Users of the system attempted to negotiate a release of the source code into some sort of open source license in early 2000, and started The Serious Project on SourceForge to coordinate development. However this release does not appear to have taken place, the page has no code.

==Description==
Applications in AppWare were constructed by dropping icons representing pre-rolled objects onto a worksheet, and then connecting them together to represent message flows between them. Communications was mediated by a protocol known as the Object Interaction Protocol. Some of the "objects" represented basic logic statements, while others represented GUI widgets such as text editors. The overall logic for any particular object, say a text editor in a window, was constructed as a series of chains of these object connections, fired up in response to an event. At a high level the system is similar in concept to HyperCard or Visual Basic, in that the program's logic is strongly associated with the object that sends some initial event.
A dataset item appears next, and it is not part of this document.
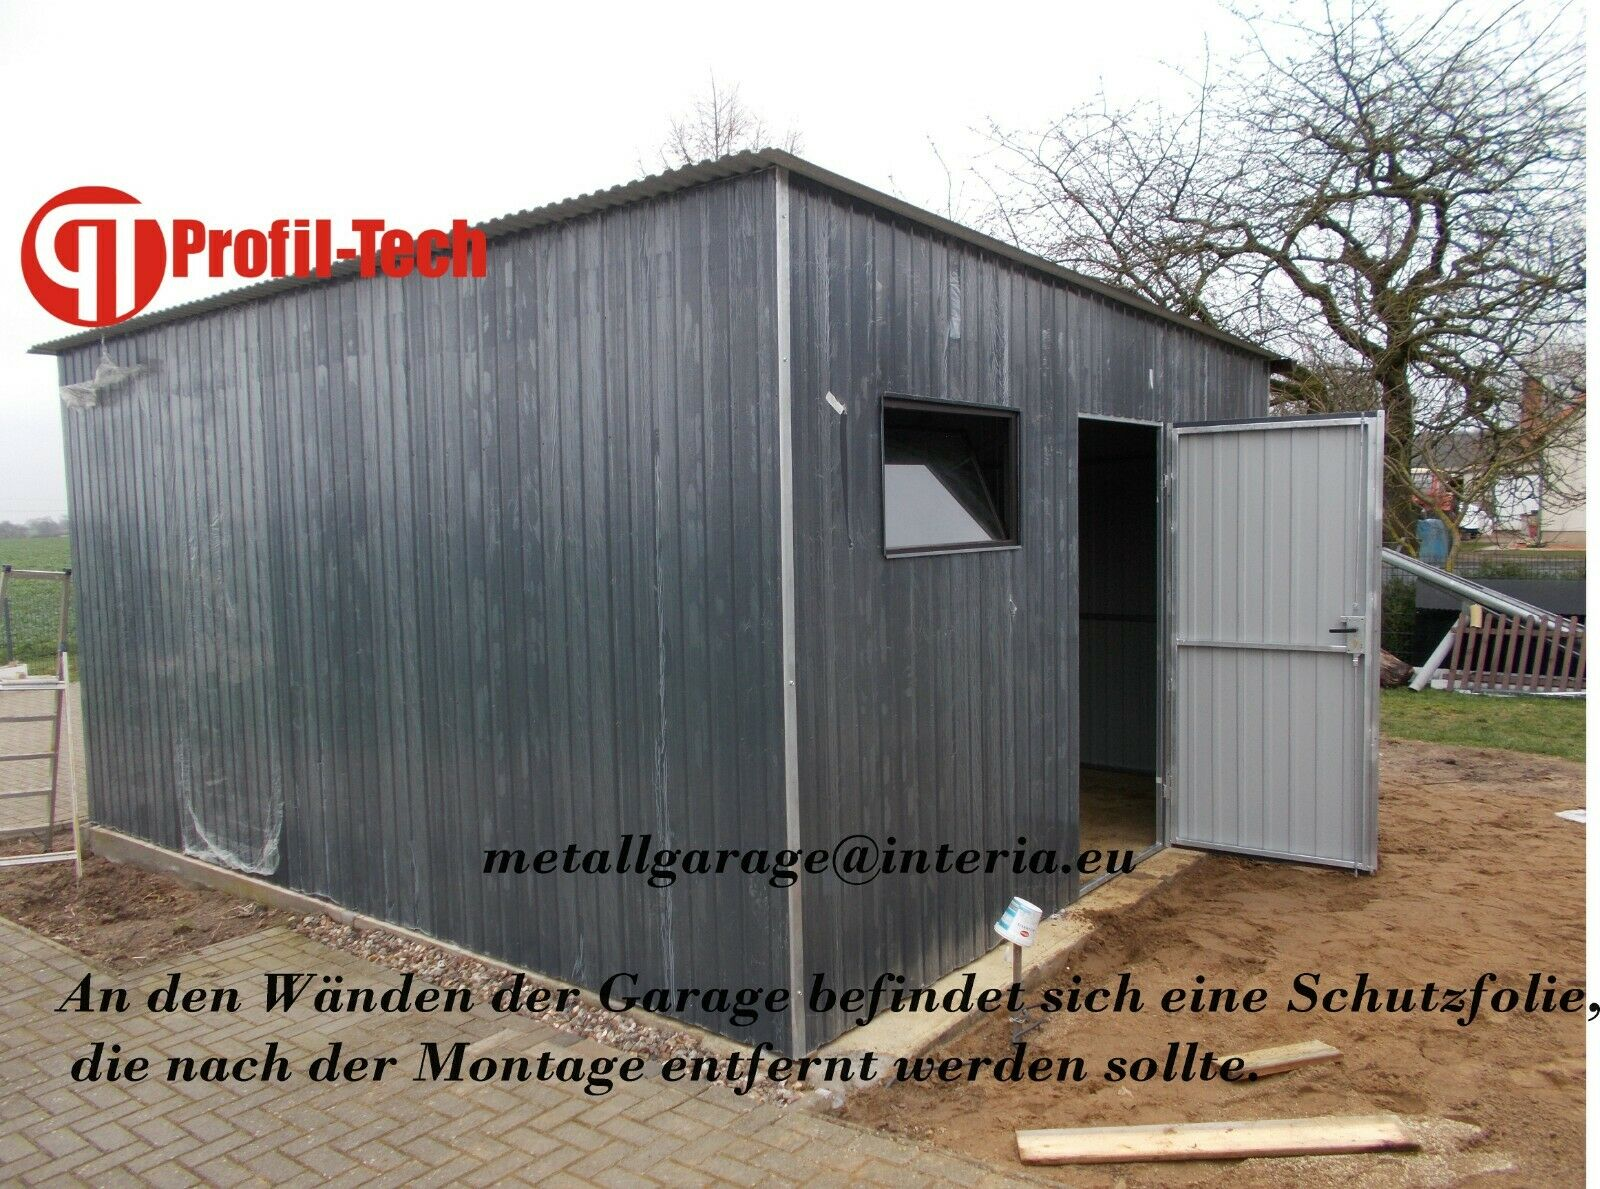 3,5x4,5 Blechgarage GARAGE Metallgarage Gartenhäuser Geräteschuppen Fertiggarage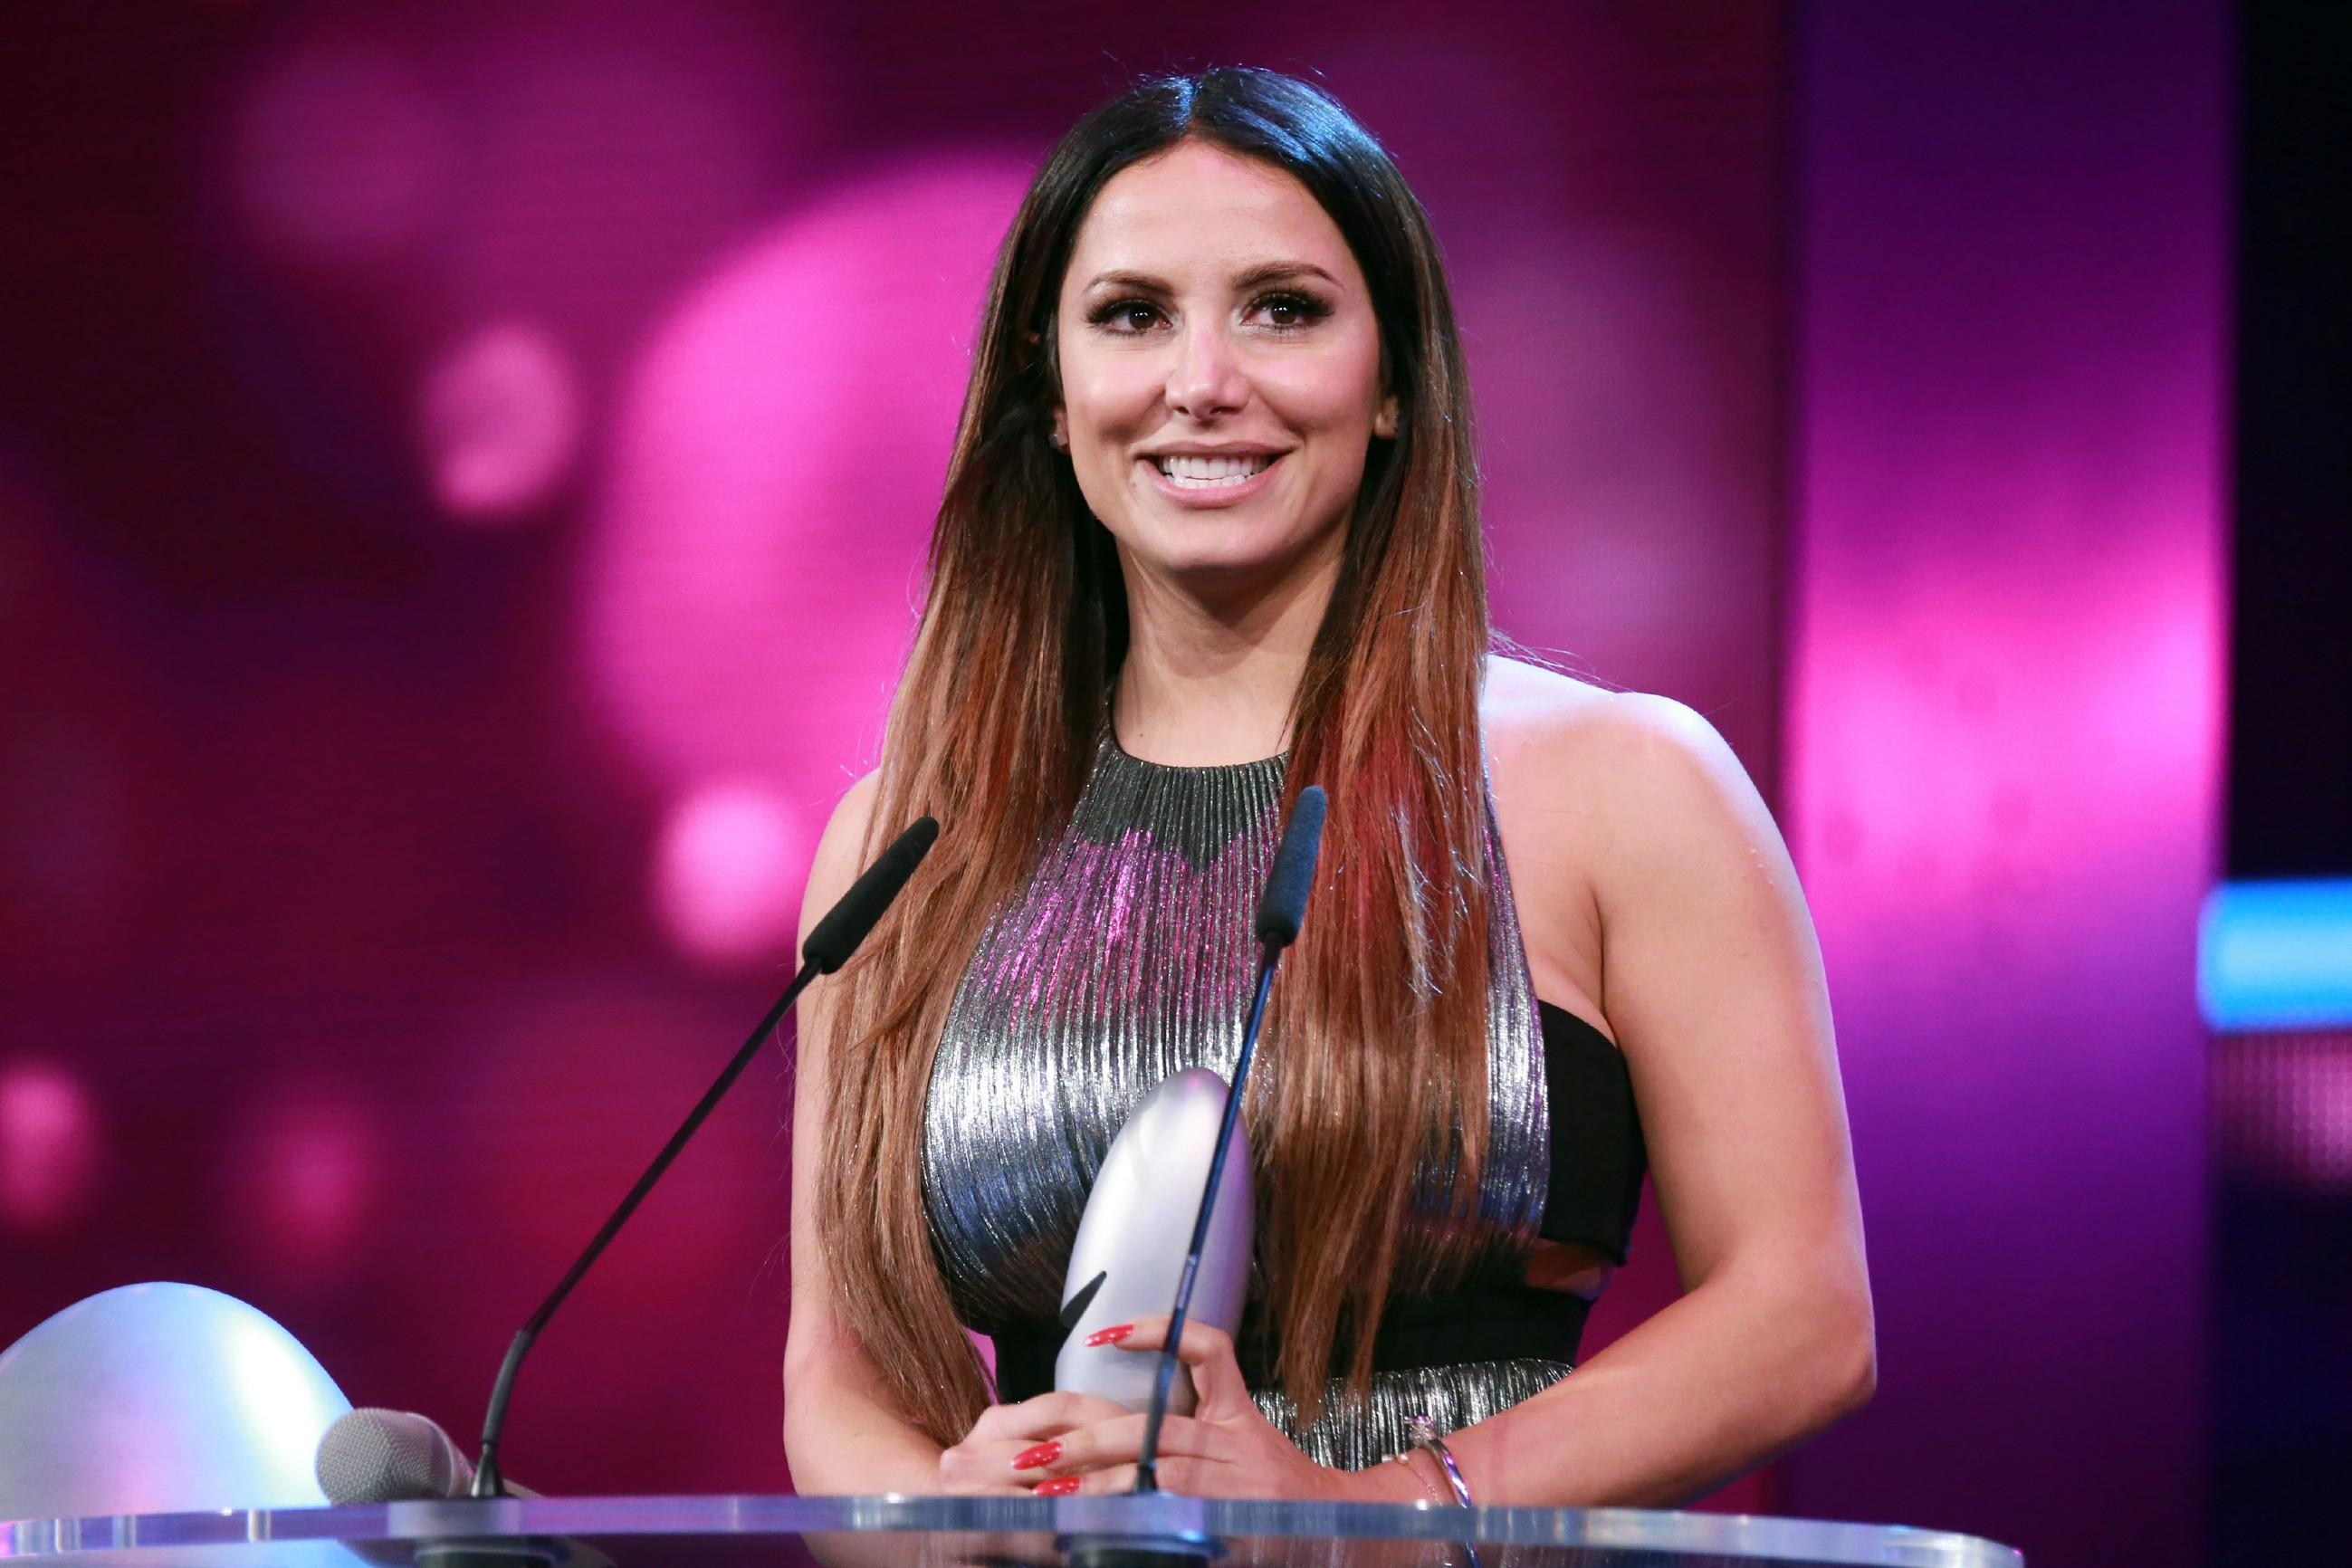 Der Deutsche Comedypreis 2015 - Enissa Amani

AppWare built true "double clickable" applications that ran natively on either Windows or the Mac. Unlike most systems of the sort, like HyperCard, the applications did not end up looking generic, and generally behaved as first-class citizens of the host system. However the applications were also similar to HyperCard in that they generally did not support multi-window operation or the creation of new documents. AppWare applications consisted of a fixed number of forms and windows, a side effect of its lack of a NEW-type operator for creating new objects at runtime.